I'm amazed at how apologist people are the moment "Double Fine" appears on the cover, it's an unknown company or something like Activision and people would be screaming bloody murder. Thing is, ok, the backers are all ok with this, so it's all fine and dandy, the problem is that the game NEEDS early access to do the second part, that means it has to be sold to people that initially never backed, and as such has to be new buyers. The scary part is when you remember that pretty much all of Double fine's games have been financial disasters (reason why almost no publisher works with them anymore, over budgeted mess that sells poorly is not the best of financial plans, looking at you brutal legend), which means that maybe not that many people will actually buy the game outside of all the backers. I mean, the game got a ton of money, but I highly doubt there is that much interest outside of the double fine fans and the old adventure game guard, it's very hard to revive a genre after all.
Also, yes, the game looks beautiful right now, but god forbid it doesn't live up because some bad PR can kill part two of the project pretty quick, I mean, I barely am getting any impression of gameplay out of the trailers and times have changed quite a bit from what was acceptable 15 years ago. Yes, double fine games are famous for being all quirky and I don't doubt that charm won't be there, but there are also known for having very debatable playability, be it shoddy platforming in psyconauts and a lot of annoying mechanics in brutal legend. The ideas are strong, but the executions sometimes suffers, though they are supposed to be old adventure game veterans.

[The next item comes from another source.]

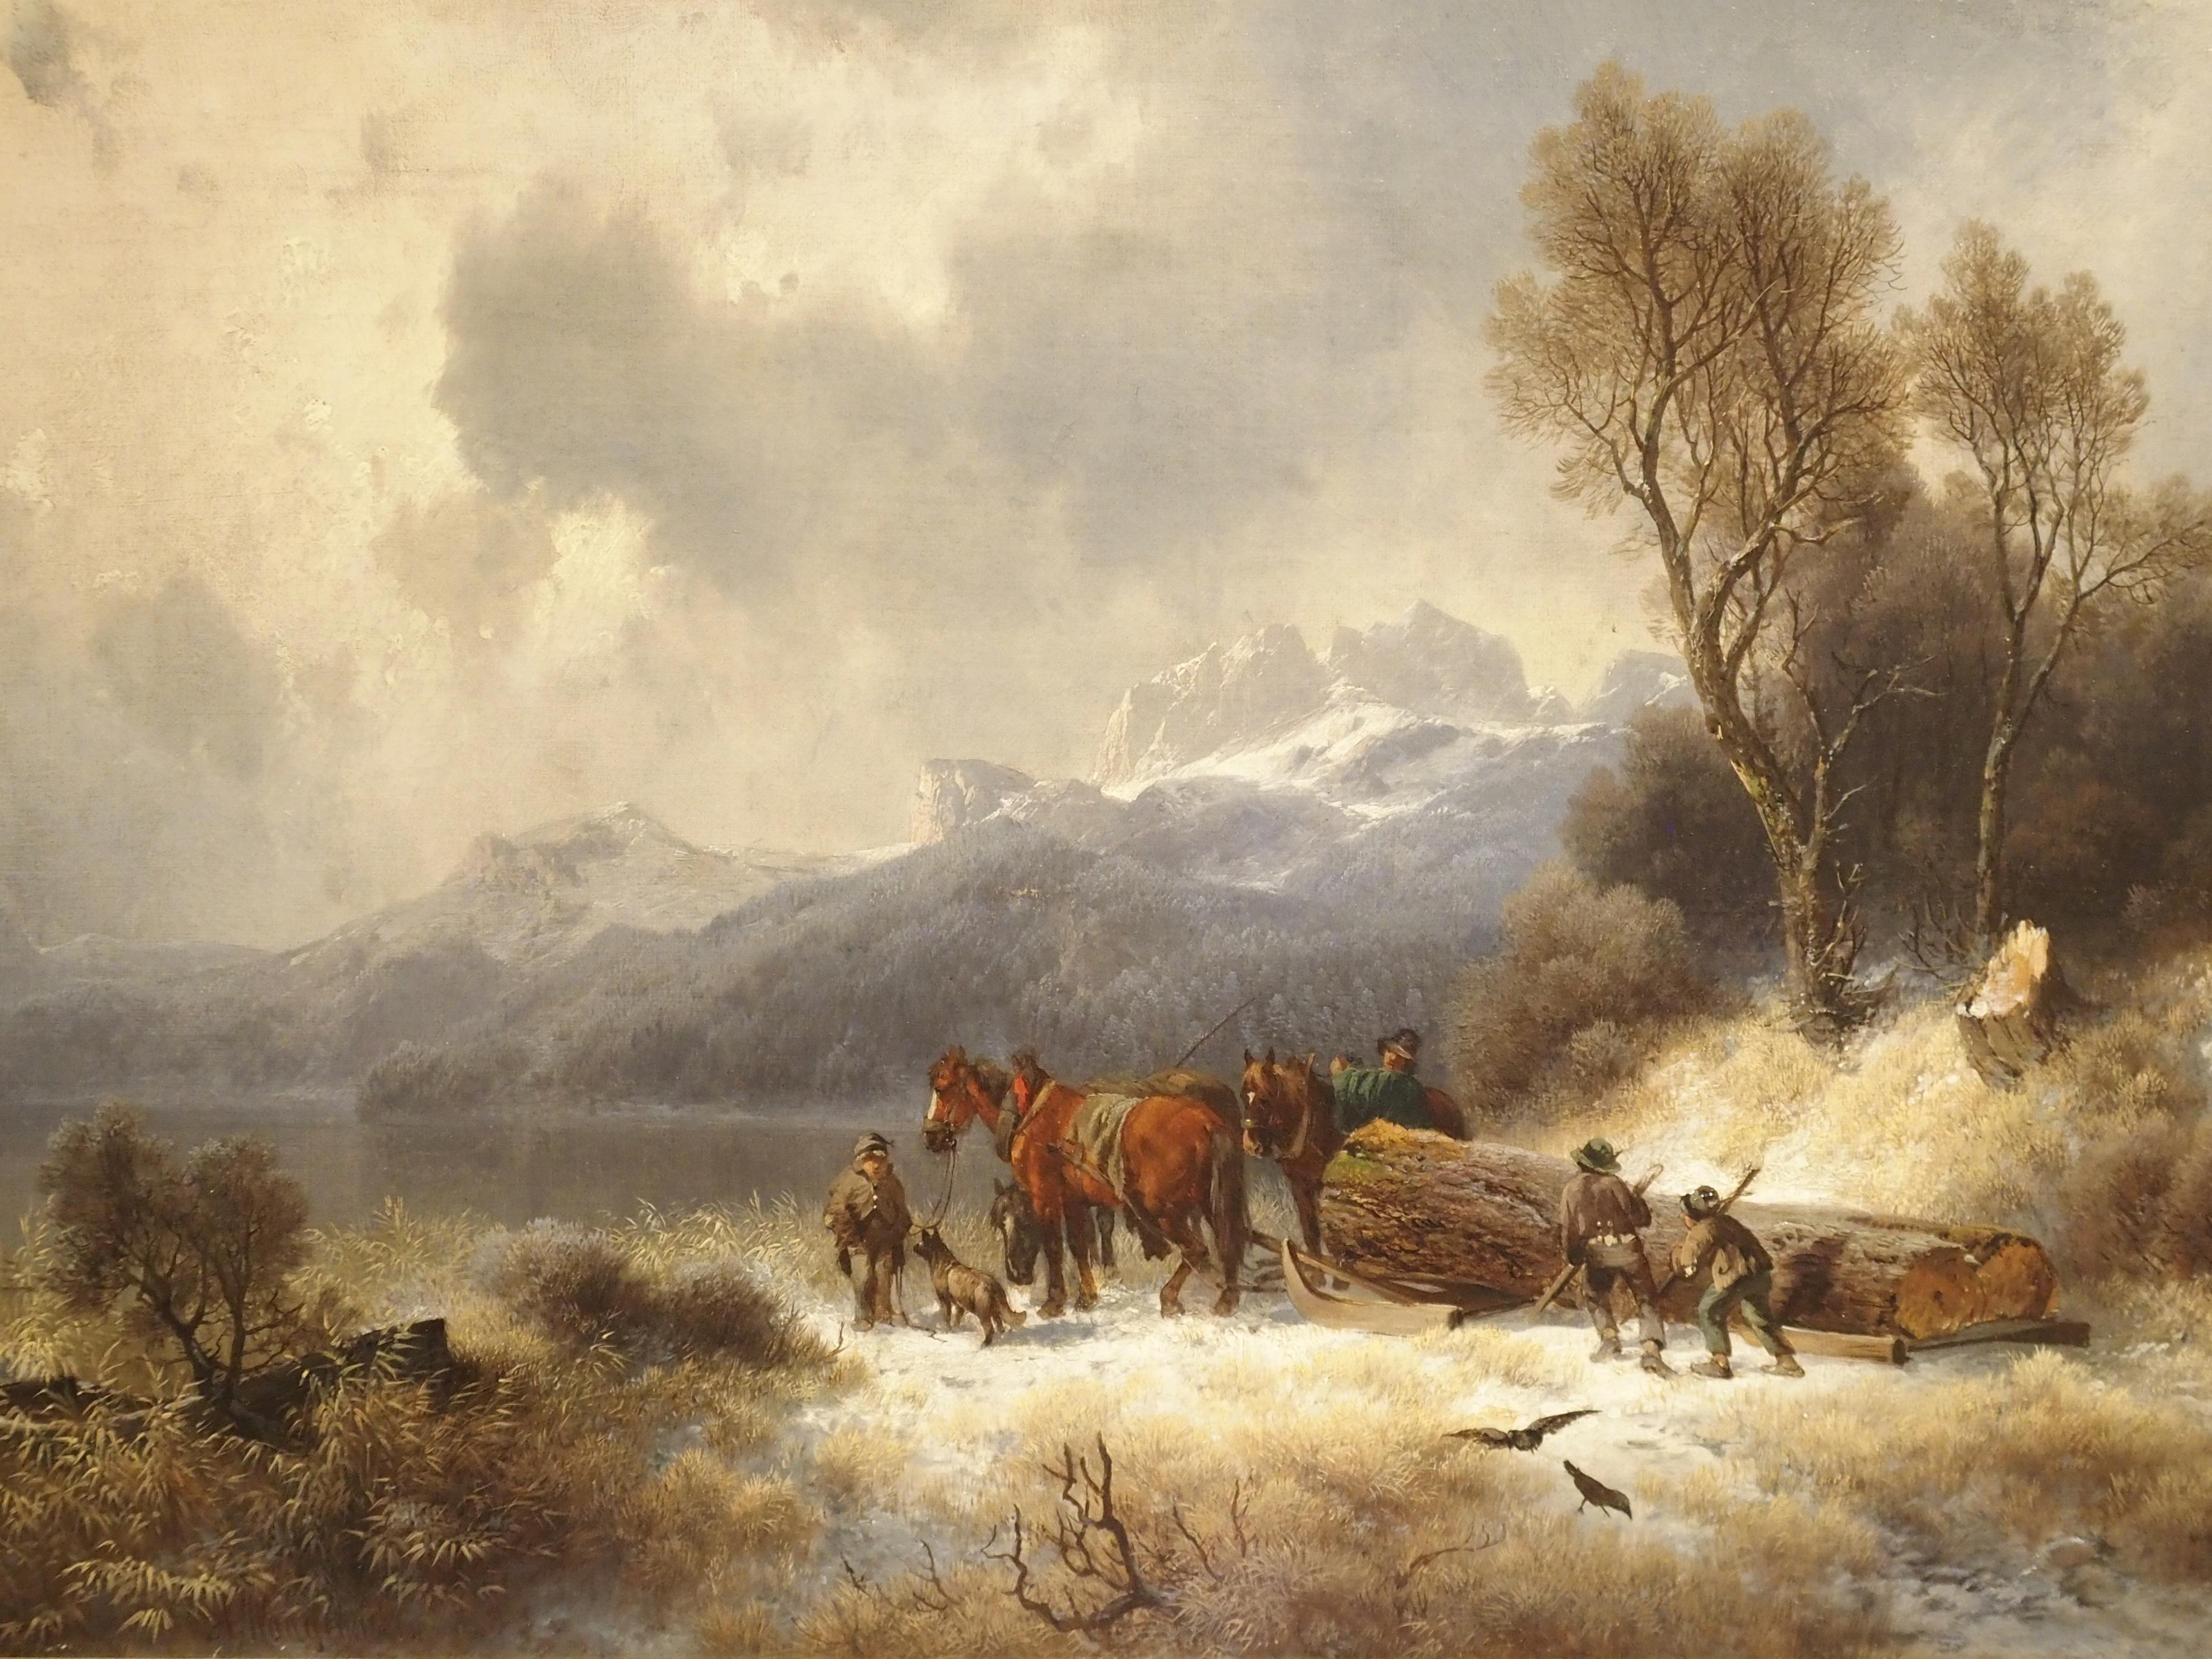 This oil painting of winter in the mountains with a lake in the foreground, depicts horses being readied for moving a massive log cut. The stump where the logs were cut is on the hill to the right. A dog looks out onto the lake, while two crows in

Also, I doubt very much Tim Schaffer has any sort of ill will, he just sucks at planning, that doesn't mean people should be all "aw, it's fine cause he's so charming and artsy!", no, he should be chastised for fucking up with that, I assume he will make due the best as he can (reason why he did the whole early access dance after all) and if the project hopefully pulls through he will hopefully learn something and happy ending for all and if not, well, he'll have to dedicate some resources from other projects to finish it or let it die, with both of those options being less than stellar.
Also, call me crazy, but it's better to have a full game than have half a game that may not be finished, just saying and over ambition is the fastest way to go bankrupt, reason why there has to be a balance between ambition and resources.